Unlike system.runtimes, the registry call throws on bad responses instead of returning empty. That surfaces misconfigured registries explicitly rather than masking them as "nothing mounted".

Combined with system.runtimes

loadCatalogWithRuntimes runs registry.list and runtimes.registered in parallel (Promise.all, line 359-362), then buildCatalogFromBindings merges them. Each binding becomes a CatalogEntry; runtime inventory entries enrich type, purpose, and hasChildren when the runtime advertised them.

If the canonical catalog is empty, loadCatalogWithRuntimes returns { source: 'empty-registry', fallbackUsed: false } rather than synthesizing entries from runtime heartbeats alone — Director honestly shows an empty tree when the registry is empty.

Resolution semantics

resolveCanonicalTarget (src/services/DirectorRuntimeAdapter.ts:185-198) is how Director turns an operator-typed canonical mount into the actual (mount, targetRoot) pair to invoke. The chain:

  1. Read all bindings.
  2. resolveBoundTarget(canonicalMount, bindings, runtimes) finds a binding rule whose match equals the canonical mount.
  3. Returns { mount: <localMount>, targetRoot: <runtimeWireRoot or root> }.
  4. If no binding matches, throw Mount is not registered in system.registry: <canonicalMount>.
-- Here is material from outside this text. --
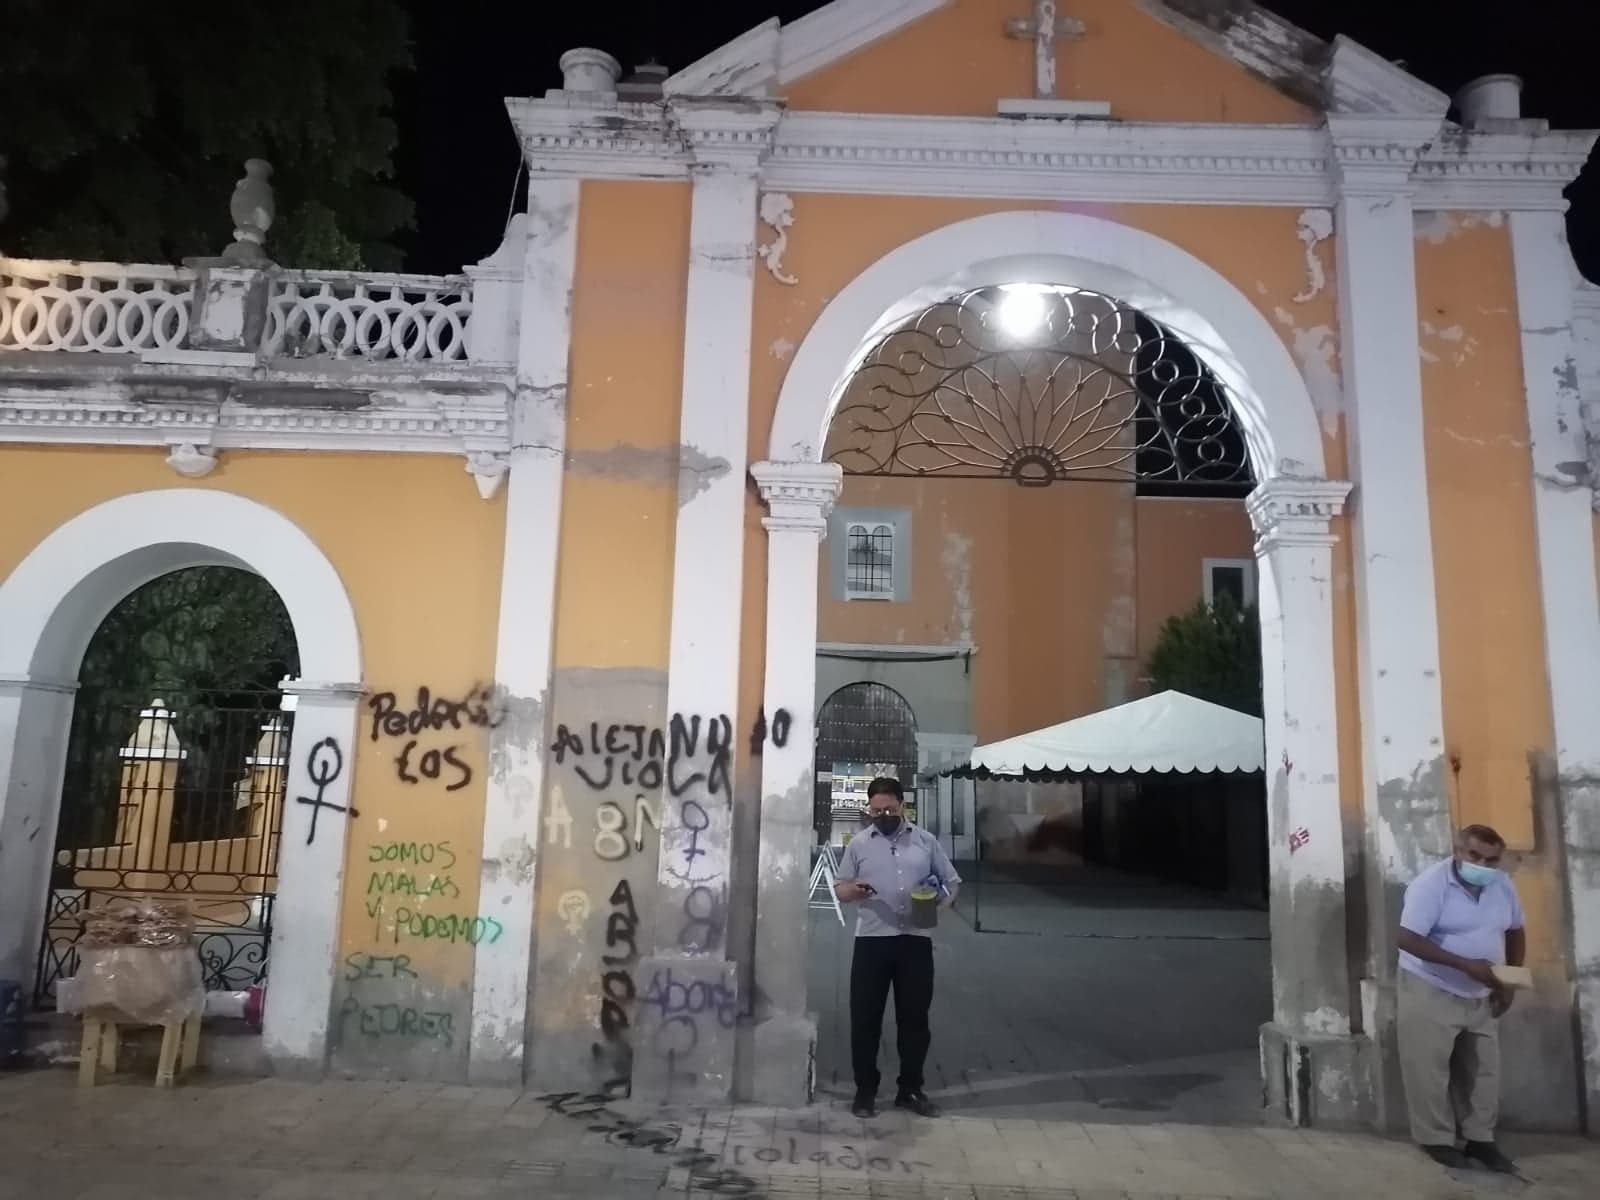 Tras daños a iglesia en marcha feminista, Obispo de Tehuacán pide respeto

This is what makes the Detail tab's $introspect work even when the canonical mount differs from the local mount on the runtime.

Operator note

The registry is the contract. Two failure modes:

  • Registry empty. No runtime called runtimes.register on its claims. Check the runtime's startup log.
  • Registry has entries but tree is empty. The runtime is dead but the registry still has stale claims. Check system.runtimes runtimes.registered — if the runtime ID isn't there, the registry is stale and a fresh host.control runtimes.reconcile should clean it up.